Field note · February 23, 2025

ride-hail-trips.payment_type: 3 values, 100.0% in the top three

3 values with 62.3% concentrated in one of them, and what that does to every chart downstream.

1 min read ·Visualization ·visualization practice

Distribution of payment_type on ride-hail-trips, because every chart built on it inherits this shape.

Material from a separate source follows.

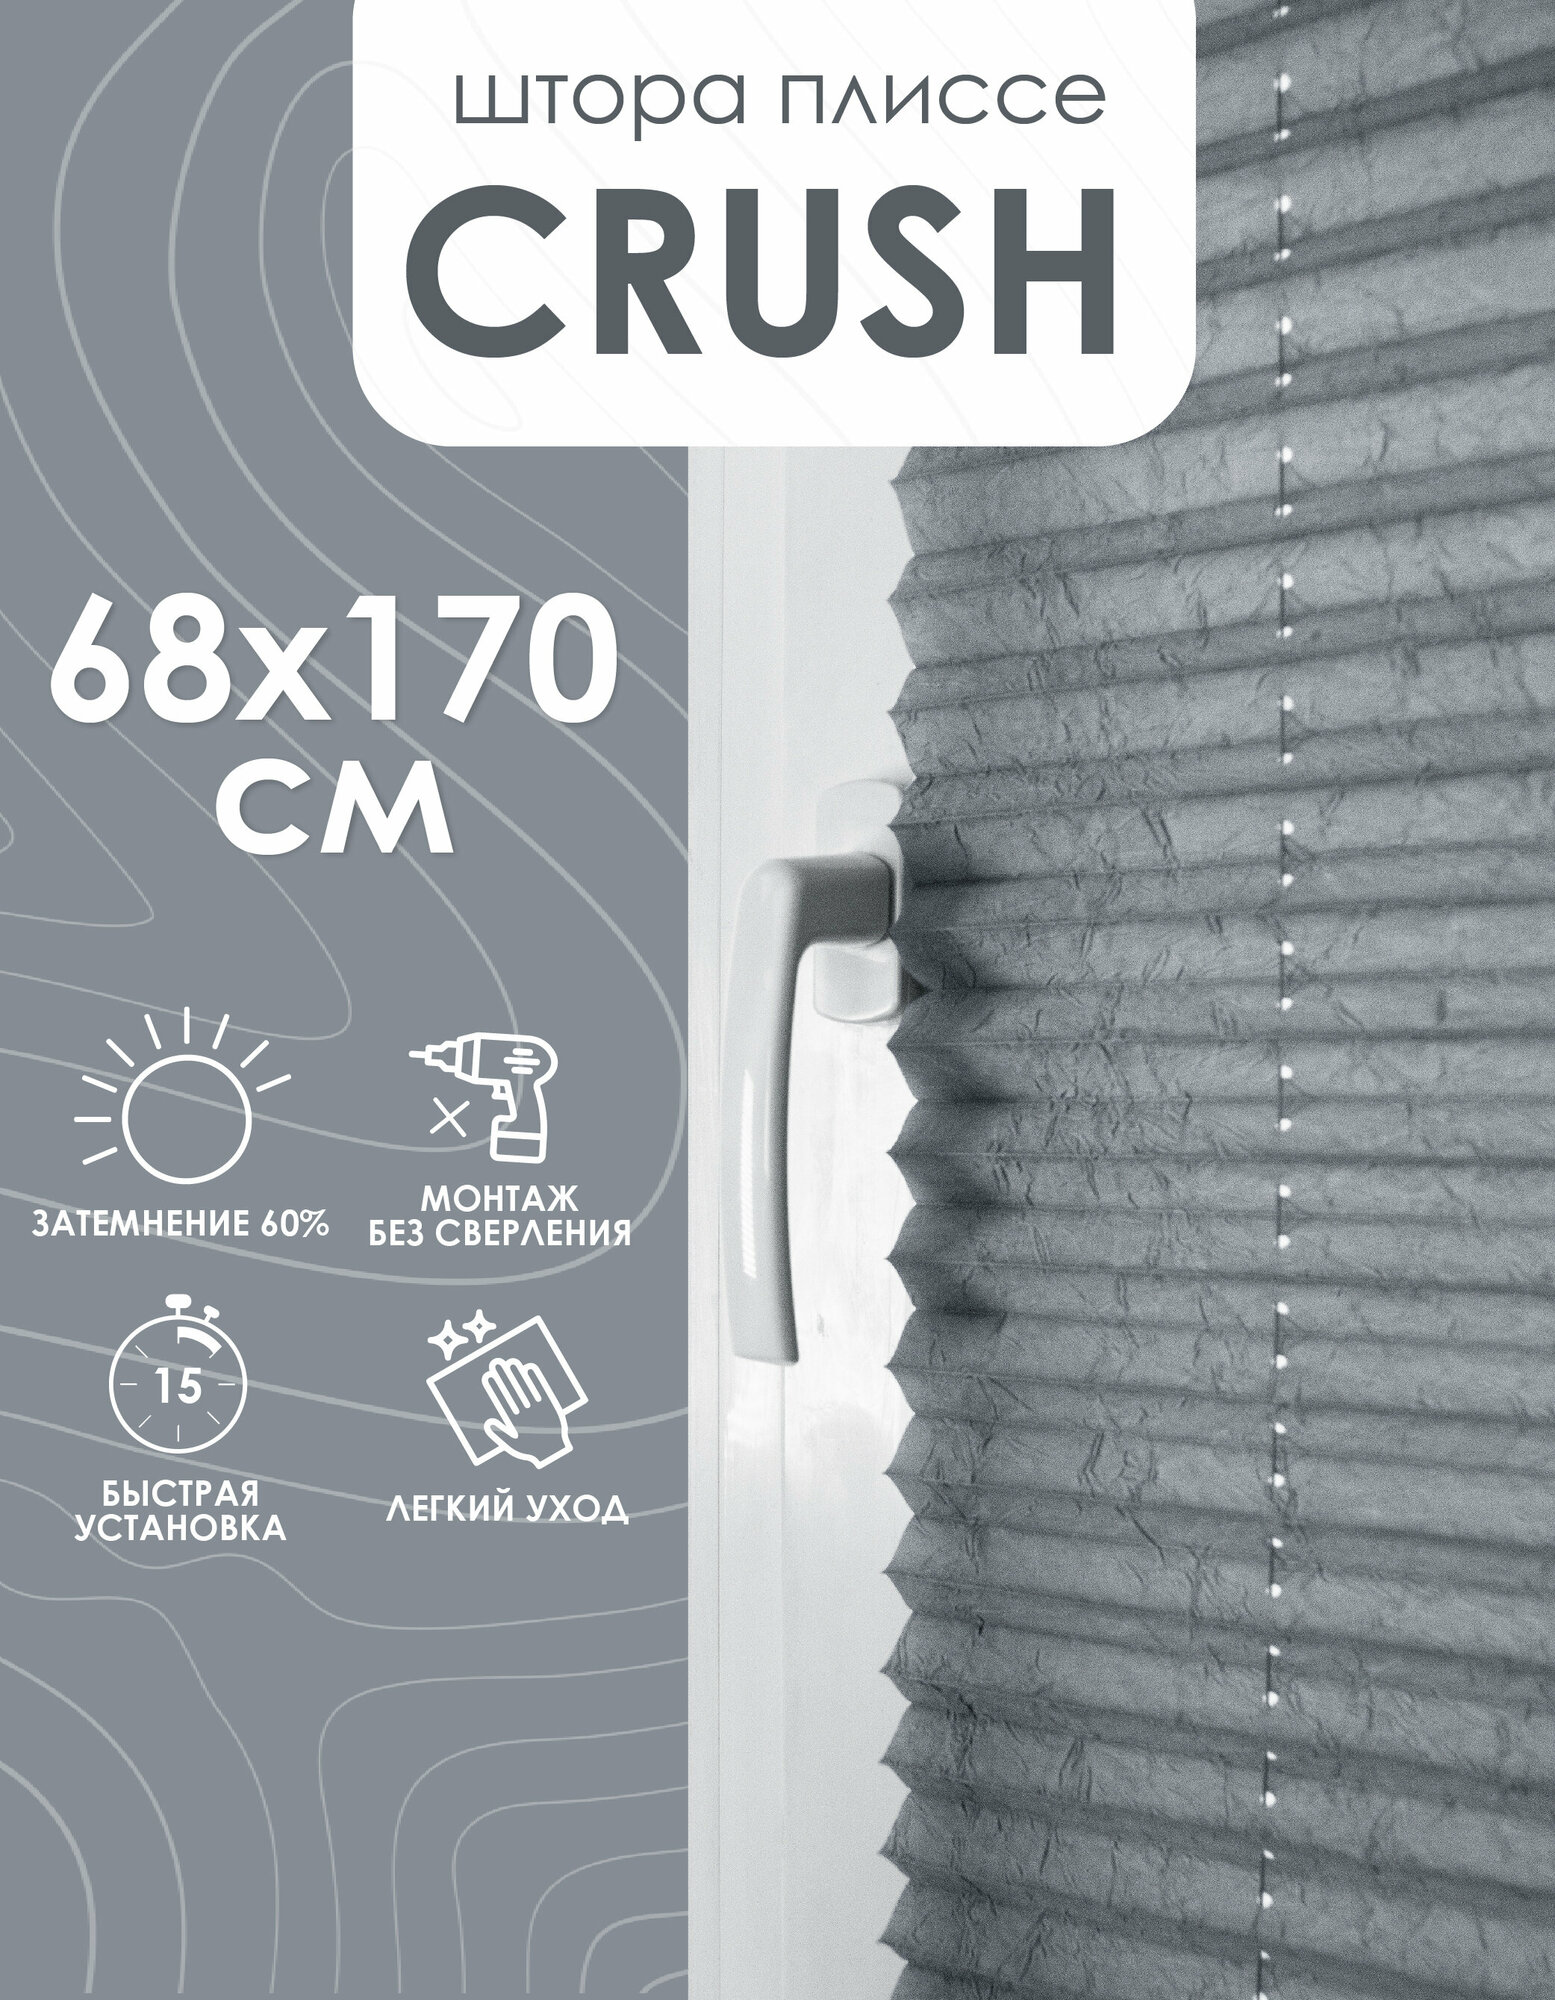 Плиссе натяжного типа "Crush", серый, 68х170 см, арт. 140801068

  • card — 4,983 rows, 62.3%
  • wallet — 2,125 rows, 26.6%
  • cash — 892 rows, 11.2%

The top three take 100.0% between them. With only 3 values there is no tail to worry about, which makes this a genuinely easy column to chart.

sql
select payment_type,
       count(*)                                      as rows,
       round(100.0 * count(*) / sum(count(*)) over (), 1) as pct,
       round(avg(fare_usd)::numeric, 2)             as avg_fare_usd
from ride_hail_trips
group by 1
order by rows desc;

The second column is the one that matters. Share of rows tells you what is common; avg_fare_usd tells you whether the common thing is the important thing. They disagree more often than not, and a chart that shows only the first is answering the easier question.

Decide what happens to the tail before you plot it. "Other" as an explicit bucket is honest; twelve slivers is not, and neither is silently taking the top eight.